# garage/basement bedroom wiring



## Guest (Dec 28, 2003)

I am finishing a basement bedroom. I have a circuit for the garage, with a circuit with "basement lights". The existing garage circuit feeds an outlet in the basement mechanical room. May I feed the future bedroom of this garage circuit, and convert the "basement lights" circuit into the new basement bathroom circuit?


----------



## hitek (Jan 2, 2004)

*Need More Info*

Need More Information on what you are trying to do. What Size Wire is feeding your current lighting? Is there a separate circuit feeding your garage?

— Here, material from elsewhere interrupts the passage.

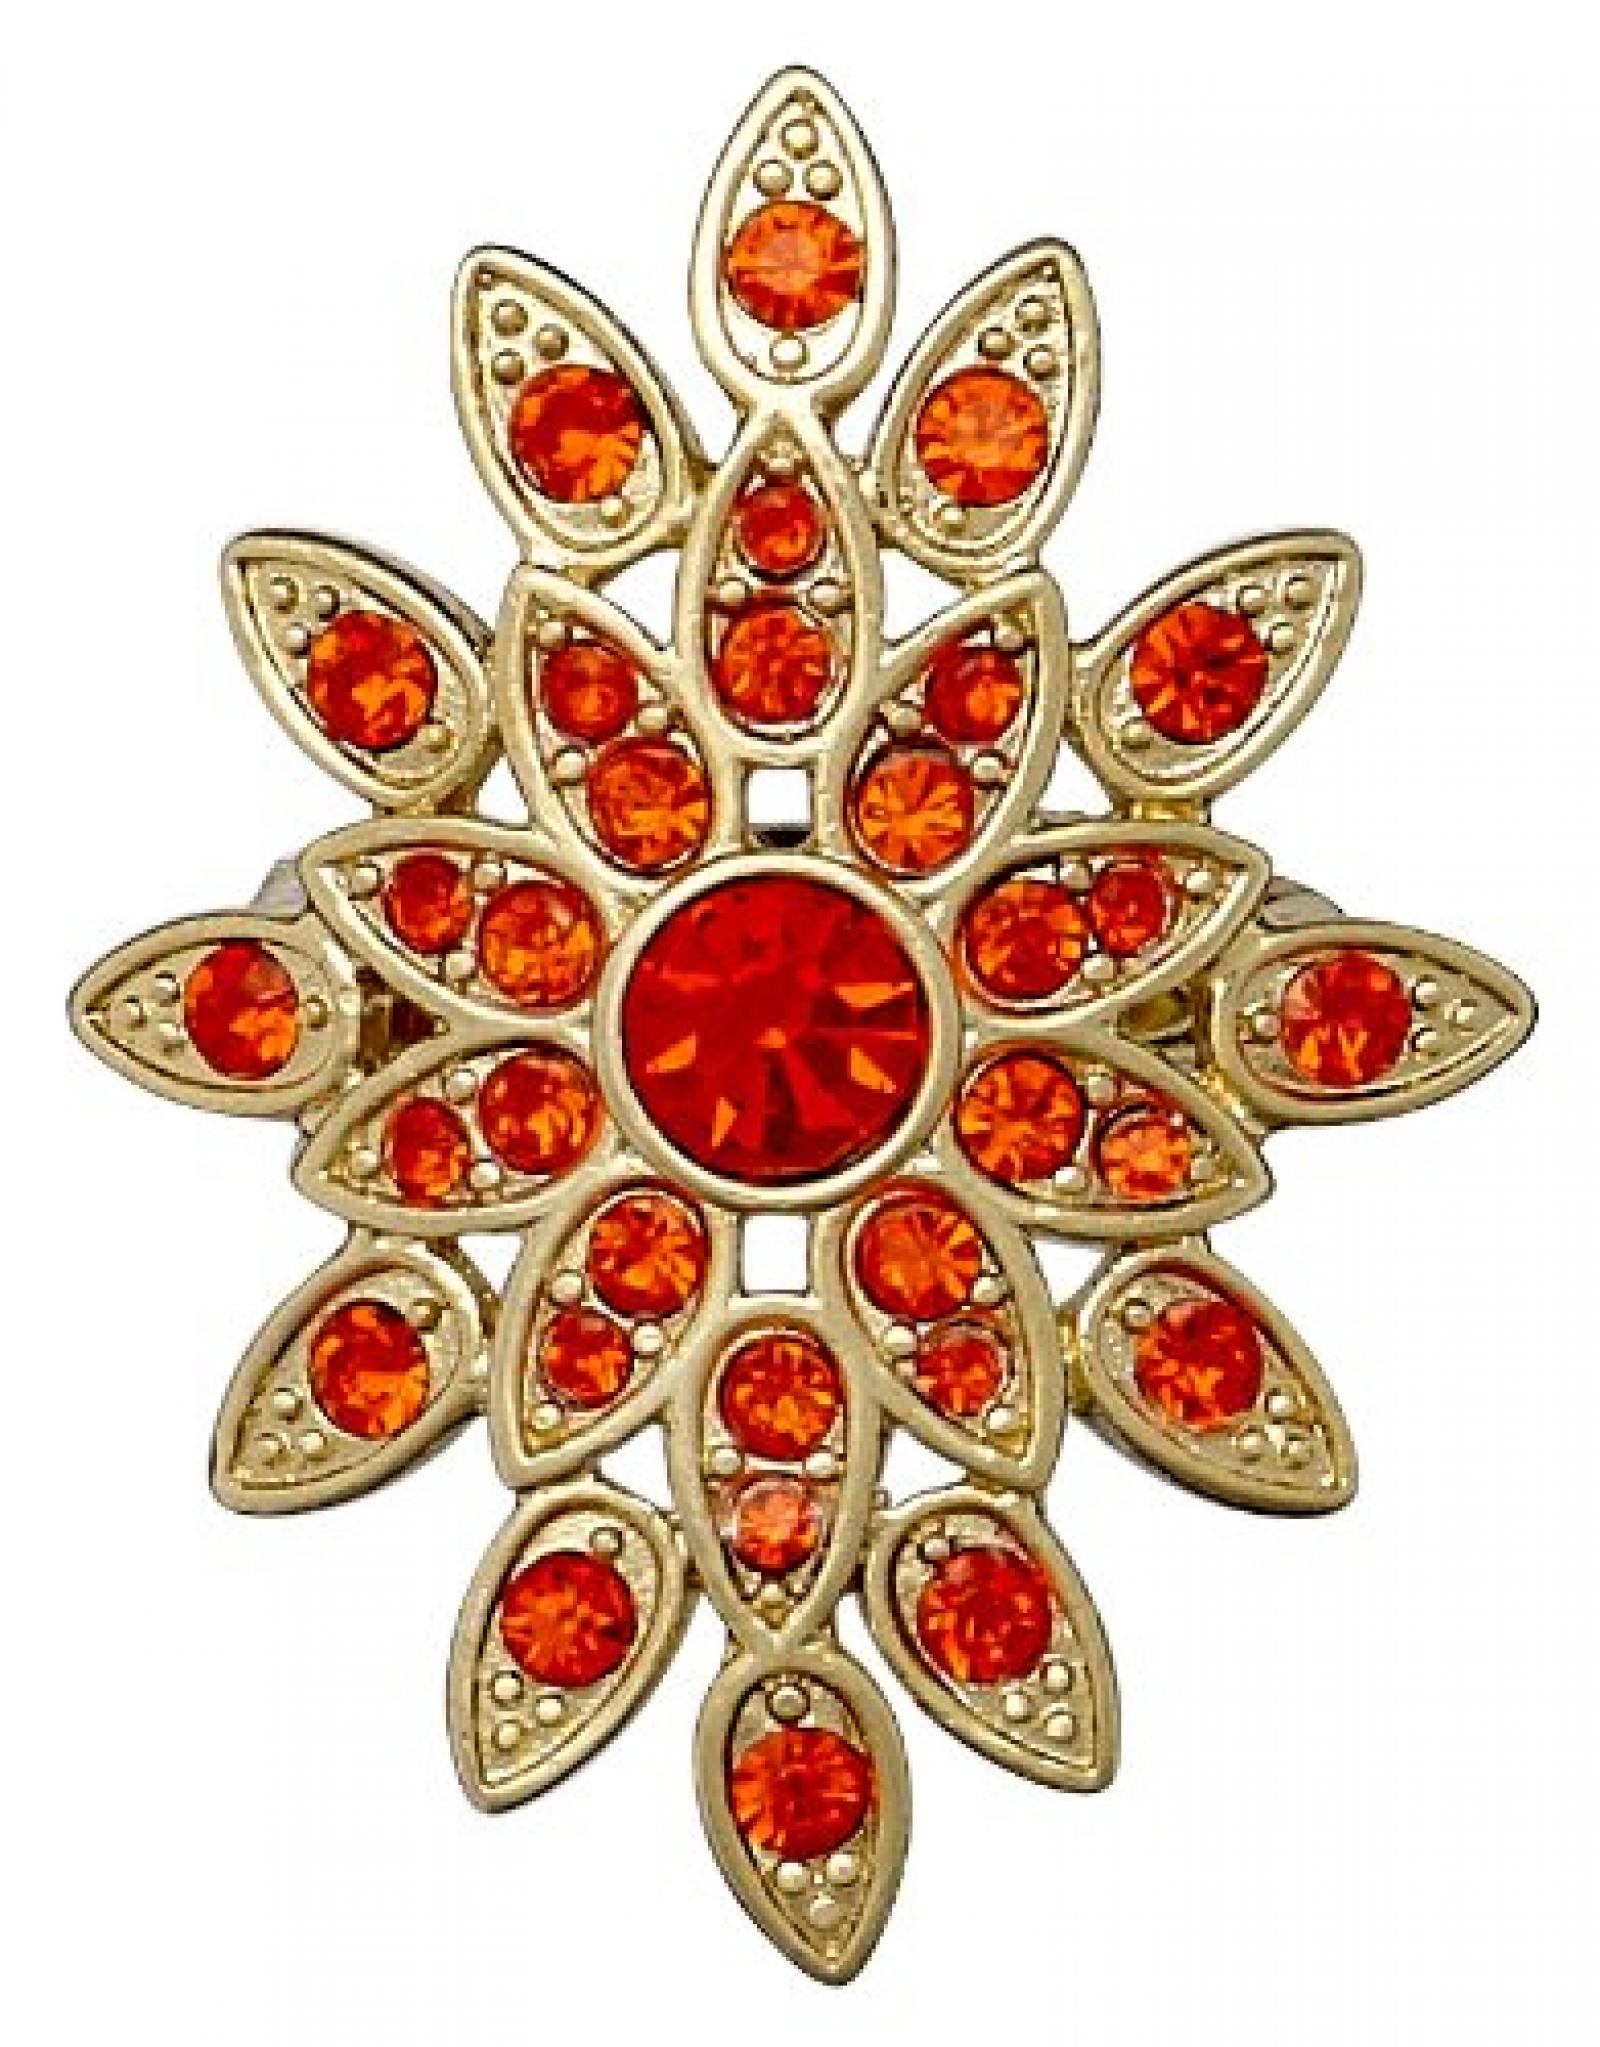 Pilgrim Jewelry Damen-Ring Messing aus der Serie vergoldet,orange 3.4 cm Gr. 53 (16.9) 331322324

If you can your best bet is going to be to run new circuits from your panel.
New codes require all circuits in a bedroom to be Arc-Fault Protected.


----------



## Nathan (Jul 21, 2003)

Welcome to the board Hitek!


----------



## Speedy Petey (Sep 30, 2003)

A new bathroom needs a 20 amp dedicated circuit. The whole bath can be on this circuit but no other outlets can. The receptacle needs to be a GFI. I would not GFI the whole bath, just the receptacle.


----------



## Guest (Jan 5, 2004)

Gentlemen,
Sorry to have wasted your time. The sparkys failed to label the "basement lights" circuit as to what is is truly is, it's the basement lights & kitchen lights. So I am running a dedicated circuit for the bath. 

FYI, I was trying to shortcut by replacing the 15 amp "basement lights" circuit with a 20 amp, ( existing 12/2 wire) and renaming it the bath circuit. 

Just as a knowledge factor, would it have been compliant to pull the basement bedroom of the garage circuit? (20 amp, 12/2)?


----------